Emma Codd, one of Deloitte's most senior women.

Deloitte's gender pay gap is 17.8%

But when job grade is taken into account the gulf is just 1.5%.

by Rachel Savage
Last Updated: 18 Dec 2015

Is it good PR or a foolhardy shot in the foot for a large company to publish its gender pay gap before the government makes it mandatory? Deloitte clearly thinks the former – it’s admitted it pays female employees 17.8% less than their male counterparts.

But the accountancy giant pointed out that when job grade is taken into account that gap narrows to 1.5%. ‘This illustrates that for Deloitte, the issue is far less about how we pay our people and more about the number of women employed at senior grades,’ said Deloitte UK’s senior partner and chief executive David Sproul.

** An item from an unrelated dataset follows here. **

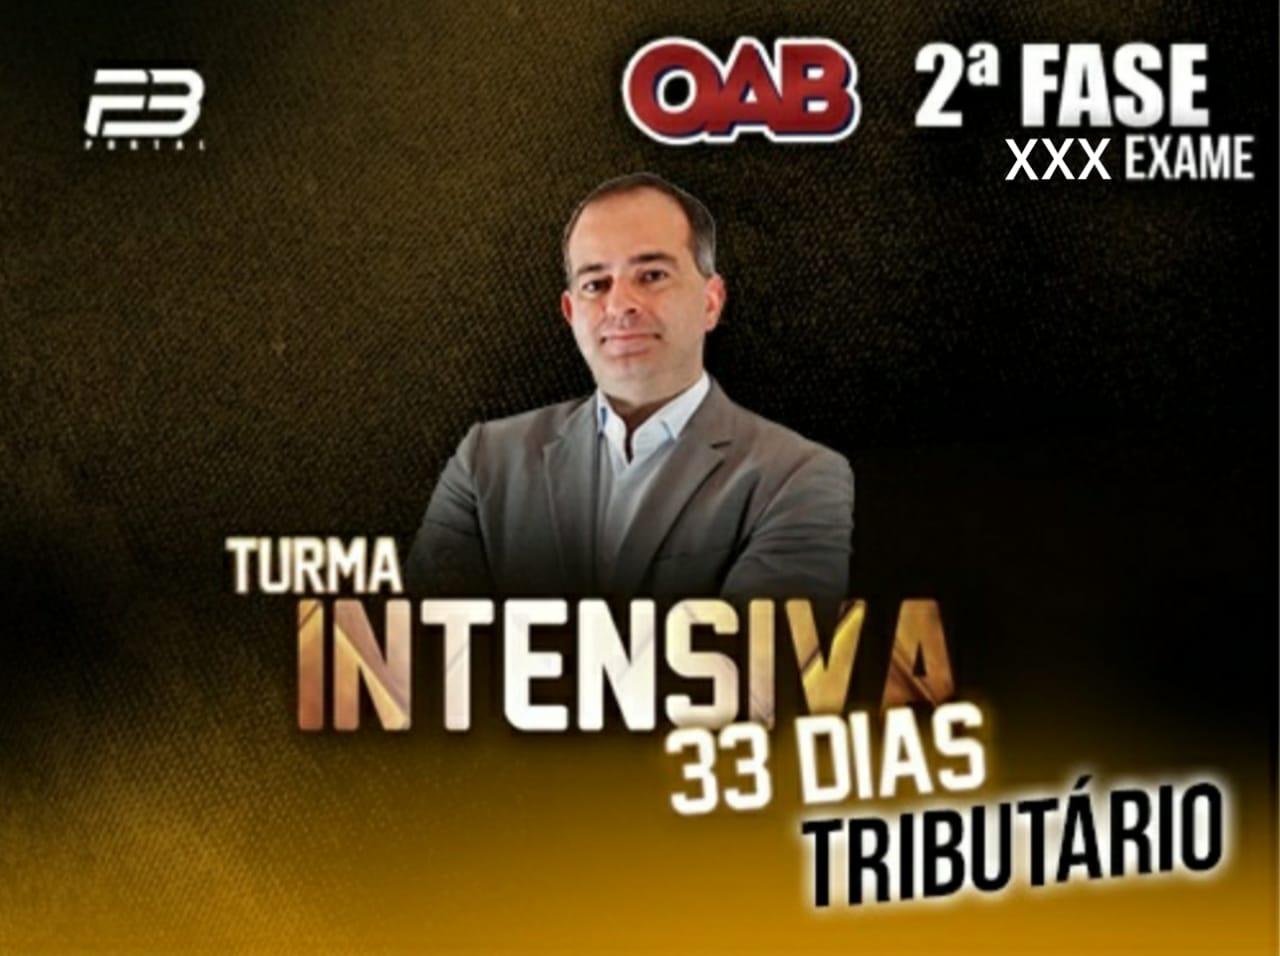 2ª FASE DIREITO TRIBUTÁRIO XXX EXAME -  INTENSIVÃO 33 DIAS

It says it’s trying to tackle that too, with a target of 25% female partners by 2020. In its most recent round of partner promotions in June, 22 out of the 75 new appointments were women. That’s a similar proportion to rivals EY and PwC (KPMG’s promotions take place in September). It’s also an improvement on the 13 female partners out of 65 in 2014.

Given PwC published its gender pay gap (15.1%, or 2.5% when grades are accounted for) last November, it makes sense for the rest of the ‘Big Four’ to follow suit rather than risk looking behind the all-important diversity curve. After all, companies with more than 250 employees will have to publish their gender pay gaps eventually, once the government’s finished a consultation.

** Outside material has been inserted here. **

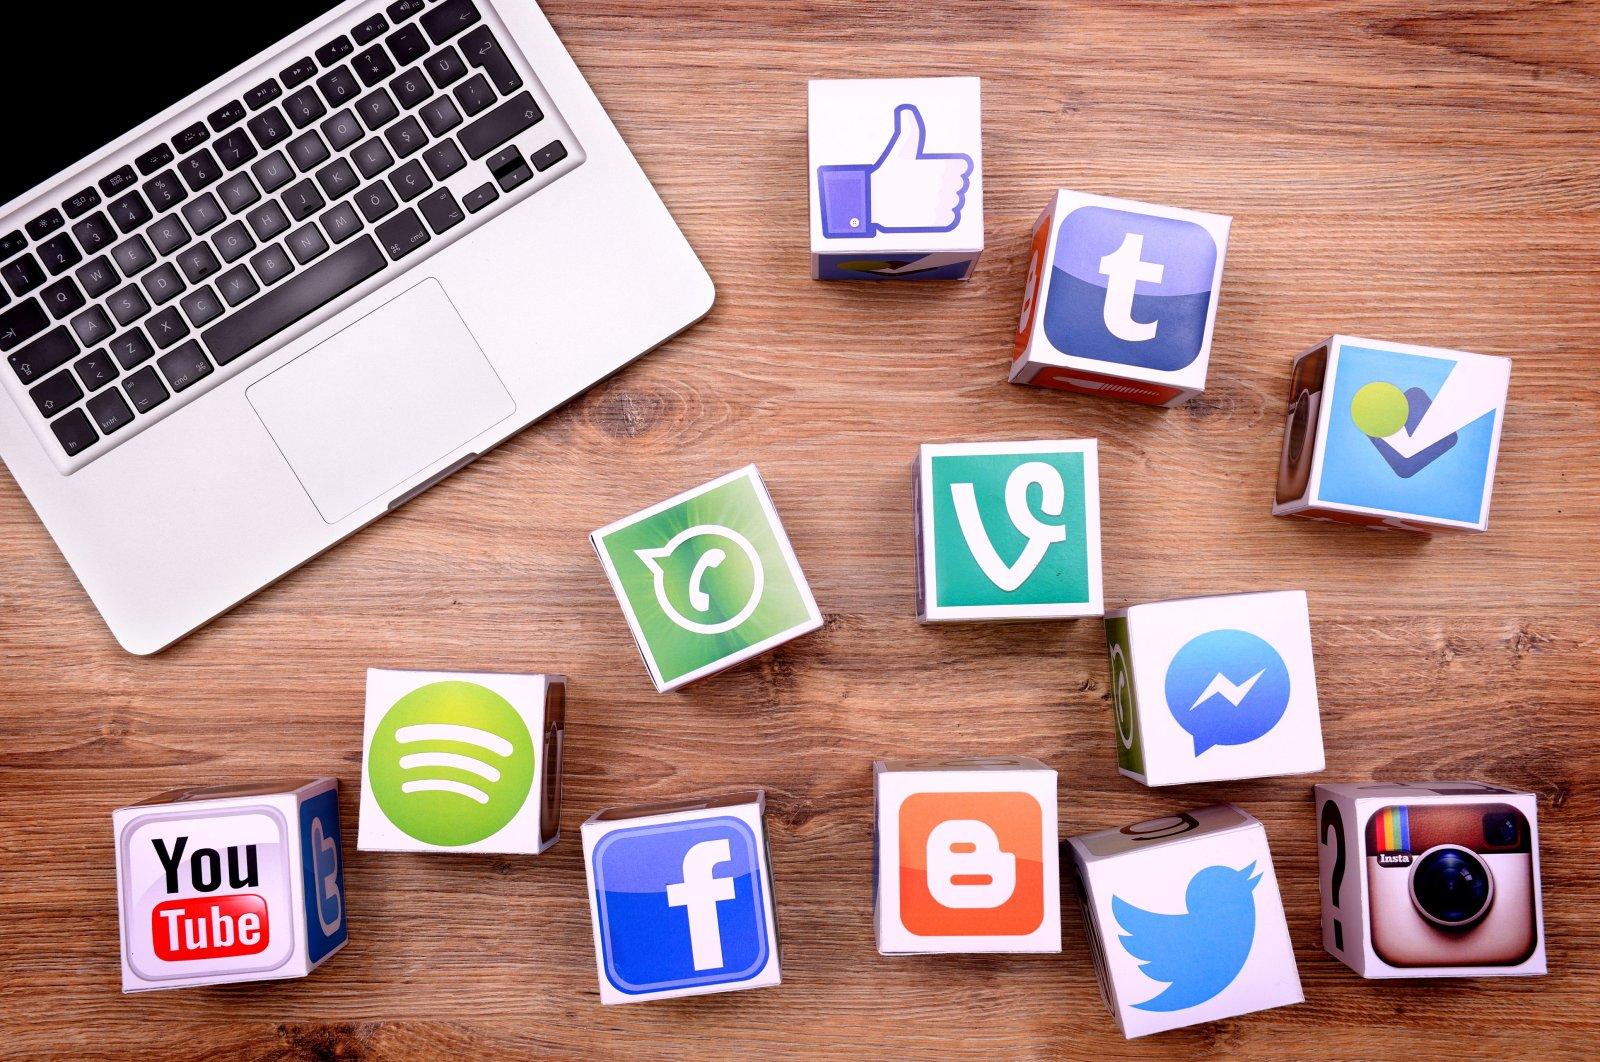 Uygun fiyata kaliteli instagram ve tiktok takipçi satın alabileceğiniz güvenilir site

Read more – Deloitte managing partner Emma Codd: 'I've been traumatised by losing two hours with my children'

It’ll take more data coming out, though, before it’s really clear which companies and industries have the worst record when it comes to paying and promoting women.

The Office for National Statistics put the full-time gender pay gap at 9.4% last year. That widens to 19.1% when the army of part-time women is taken into account. But Deloitte and PwC haven’t published data on full vs part-time, though, so one can’t say if they are really better or worse than the average UK employer.

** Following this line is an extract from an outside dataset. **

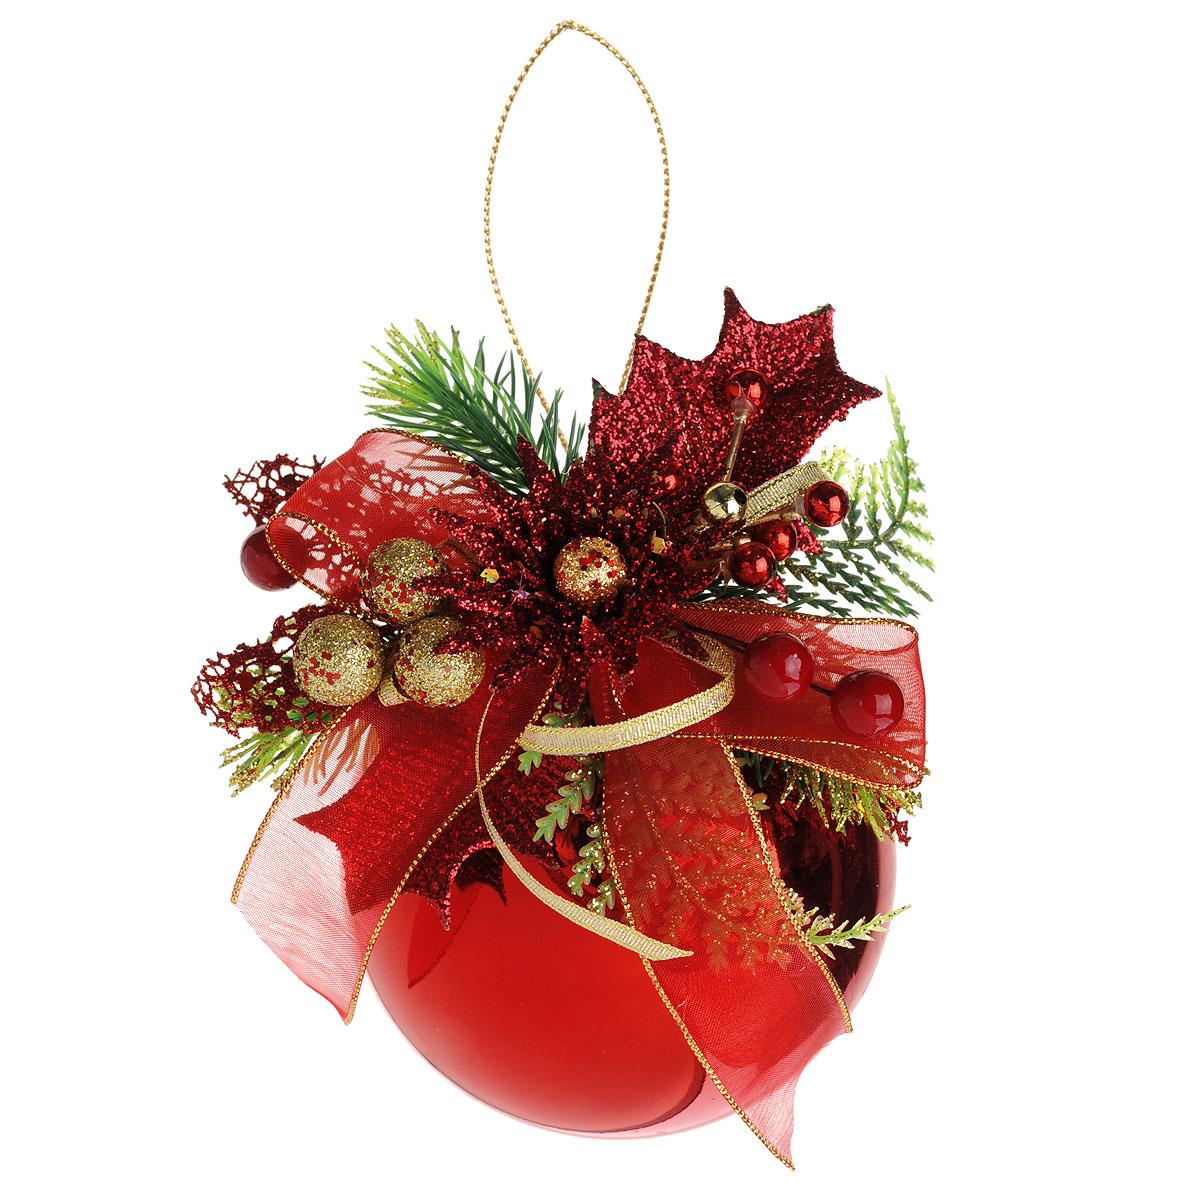 Новогоднее подвесное украшение Sima-land Шар, цвет: красный, диаметр 10 см. 705357C0038550Новогоднее подвесное украшение Sima-land Шар прекрасно подойдет для праздничного декора новогодней ели. Шар выполнен из пластика с глянцевой поверхностью и украшен композицией из пластиковых веточек, листочков и шариков, декорированных глиттером. Для удобного размещения на елке для шара предусмотрена текстильная веревочка.Елочная игрушка - символ Нового года. Она несет в себе волшебство и красоту праздника. Создайте в своем доме атмосферу веселья и радости, украшая новогоднюю елку нарядными игрушками, которые будут из года в год накапливать теплоту воспоминаний. Коллекция декоративных украшений принесет в ваш дом ни с чем не сравнимое ощущение волшебства! Откройте для себя удивительный мир сказок и грез. Почувствуйте волшебные минуты ожидания праздника, создайте новогоднее настроение вашим дорогим и близким.

There will, no doubt, be more debate about whether pay really is the best way to analyse and fix gender equality. At a company as big as Deloitte, which employs more than 14,000 people in the UK, the gap can be used as a proxy for the proportion of women in senior positions, and so one metric by which to measure and address that disparity.

But smaller companies job grades may not be so easily defined and compared. In our opinion, more transparency is generally a good thing. We’ll have to wait for the government’s new requirements to take effect, though, before we can really see the scope and impact of reporting the gender pay gap.